My wife and I have been married for 6 years, together for 12. We have had a very happy relationship, until recently as you may have found from my previous post. Basically, I need a female opinion on what my wife is going through, and if there is any chance of saving our marriage....

My wife has told me she is very confused with herself. She said that she is not sure what she wants out of life, and that she is very unhappy with her current situation. She always thought she wanted to be a stay at home mother, with our 5 year old and 10 month baby, however she has recently decided this is not what she wants. She feels guilty that she isn't happy.

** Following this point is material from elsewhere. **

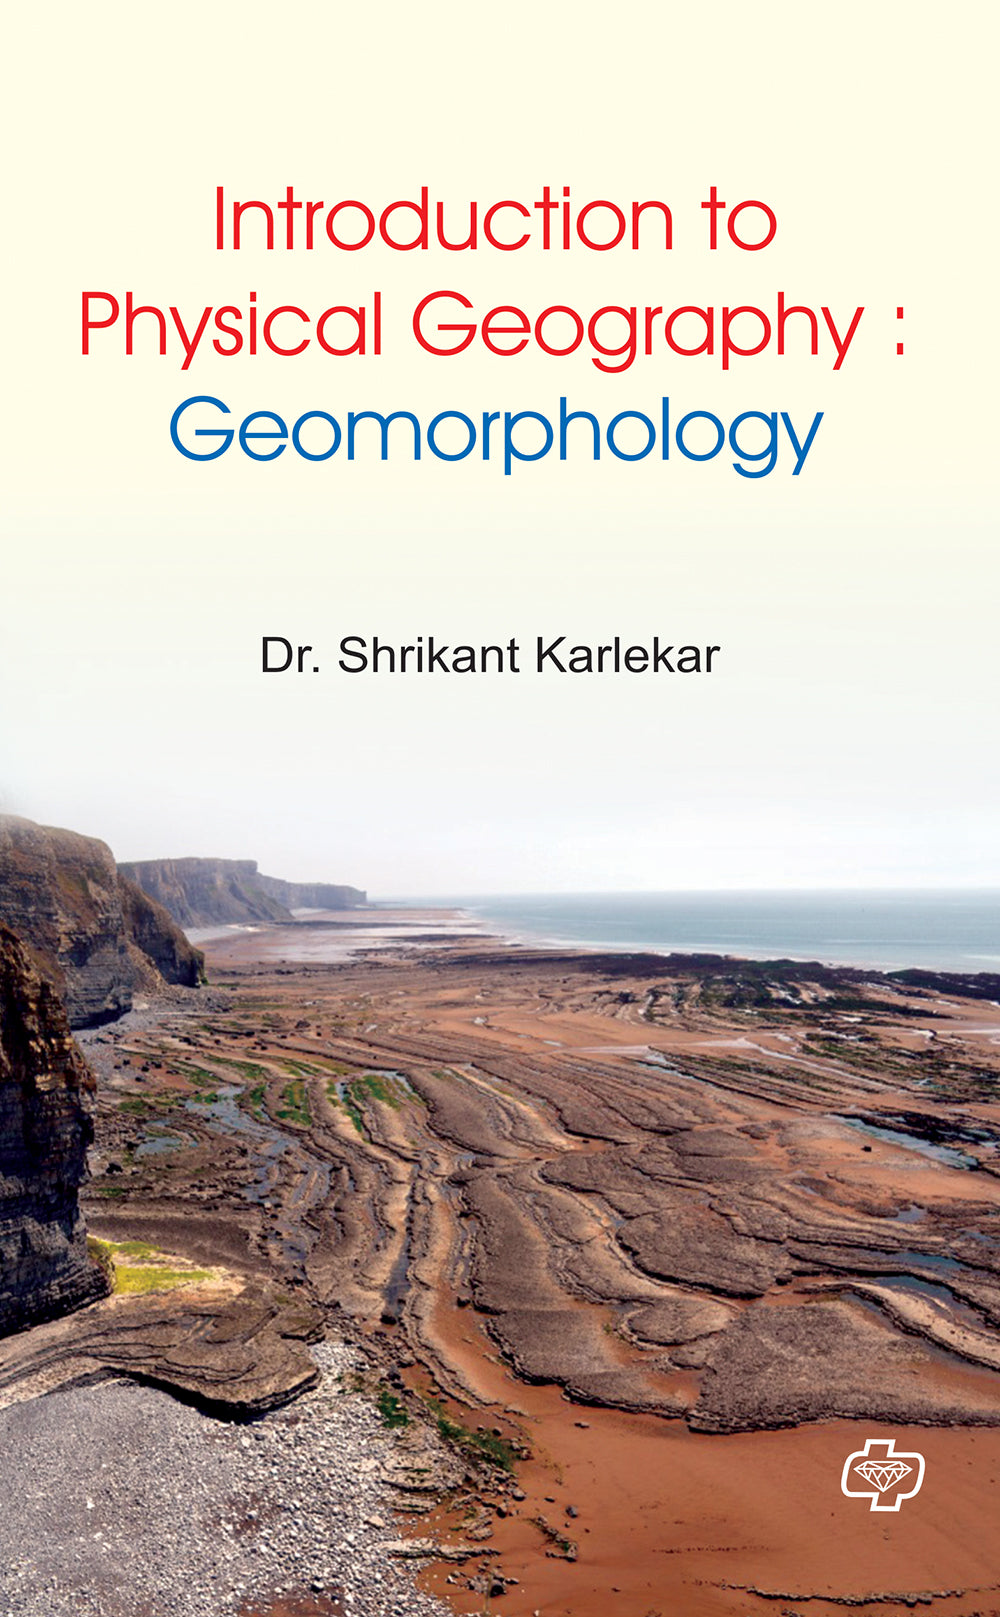 Introduction to Physical Geography : Geomorphology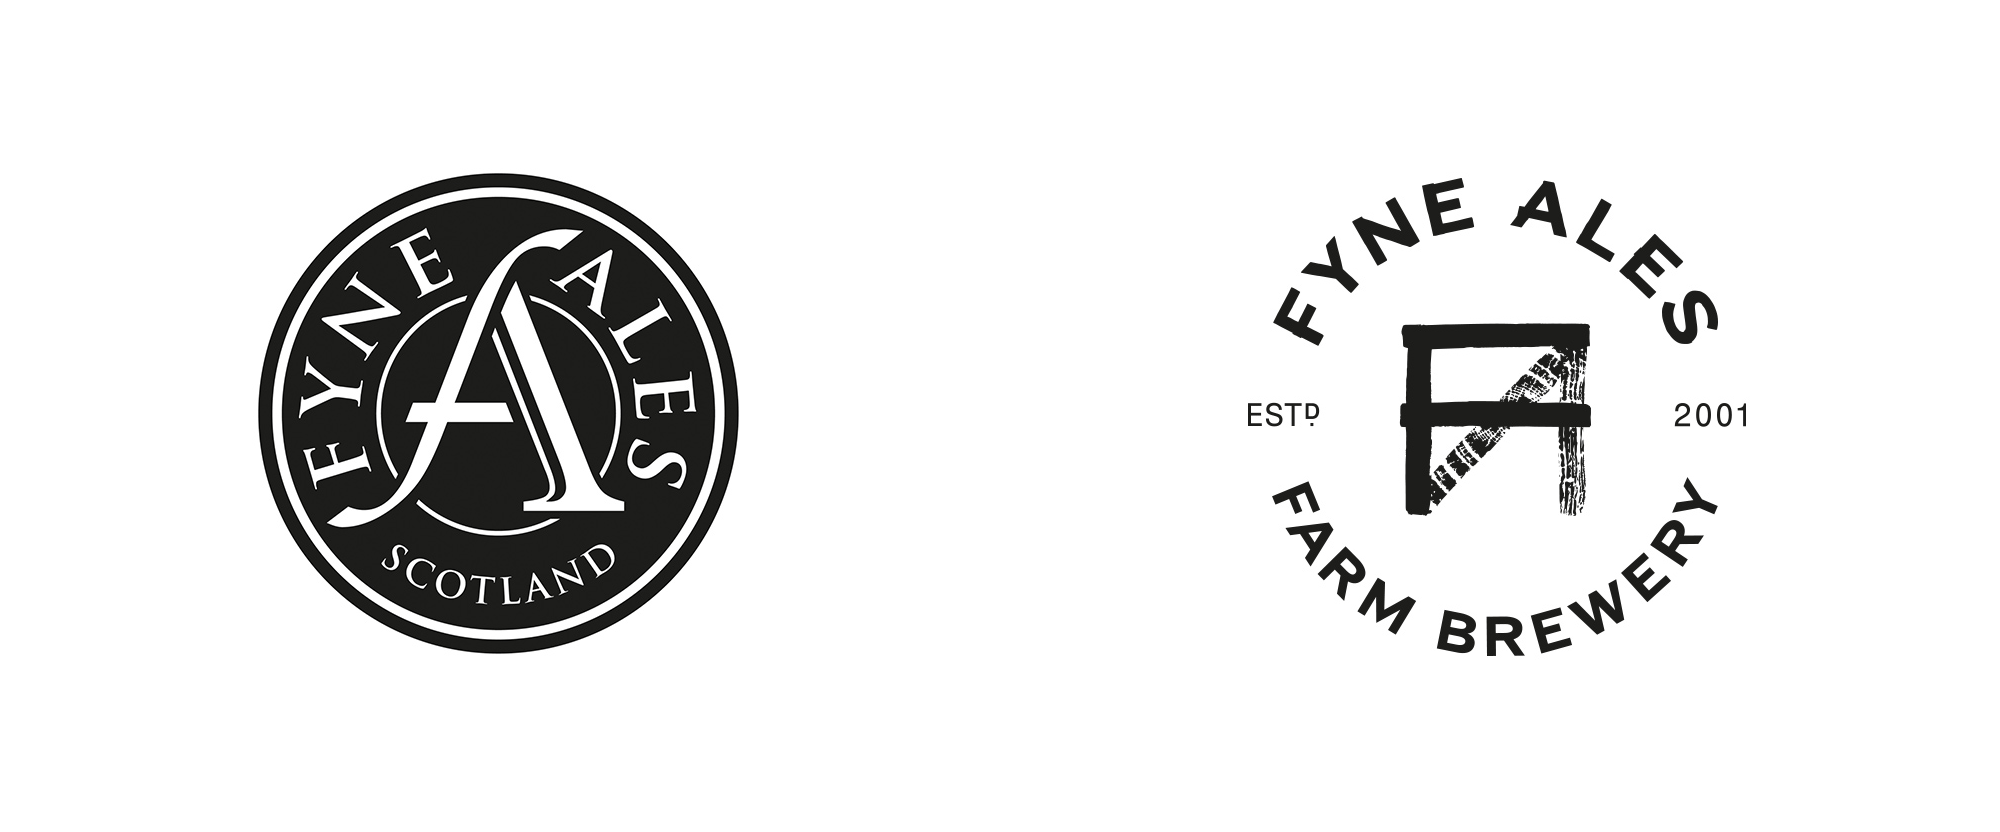 New Logo and Packaging for Fyne Ales by O Street

On top of this, she has told me that she is not happy with our relationship. She said that she only married me because she felt so bad about herself at the time and I was the only one interested in her. She also feels like we are just good friends who got married, and she has no feelings for me other than friends.

We have not yet broken up, and she does want to try and work on our marriage, but I'm not sure if this is because she doesn't want to be alone, or doesn't know what to do, or if we are just together because of the kids. Is there any chance for us if she's doesn't want to be with me? What can I do to save our marriage?

Please help !!!!


----------



## michzz (Jun 6, 2008)

Not a woman, but i think you ought to get your wife evaluated for postpartum depression. She fits the profile.

Speak to her doctor.


----------



## StrongEnough (Nov 25, 2008)

michzz said:


> Not a woman, but i think you ought to get your wife evaluated for postpartum depression. She fits the profile.
> 
> Speak to her doctor.


While you can't force her to be seen for PPD, I do agree with the above. She does sounds as though she fits the profile.


----------



## wonder (Jun 30, 2008)

i think she also needs to get out of the house more. maybe get a part time job so she could feel better for herself. i did the stay at home mom thing for 8 months once and it drove me nuts. i was completely miserable, making everyone else miserable. did nothing around the house, lost all interest in previous hobbies and so on.
about how she feels about you, i agree w/ above. she may have ppd and her hormones are so messed up that itt's effecting her thinking and feelings


----------



## MrJoshua (Jul 3, 2008)

I really appreciate the replies guys. I was wondering if this had something to do with postpartum depression, however she loves our kids and has no trouble what so ever looking after them. It seems like she has just decided that she no longer wants anything to do with being at home, and being with me, even though that's what she thought she wanted all along. I really don't know exactly what is going on, but in any case what would you suggest my next course of action be?


----------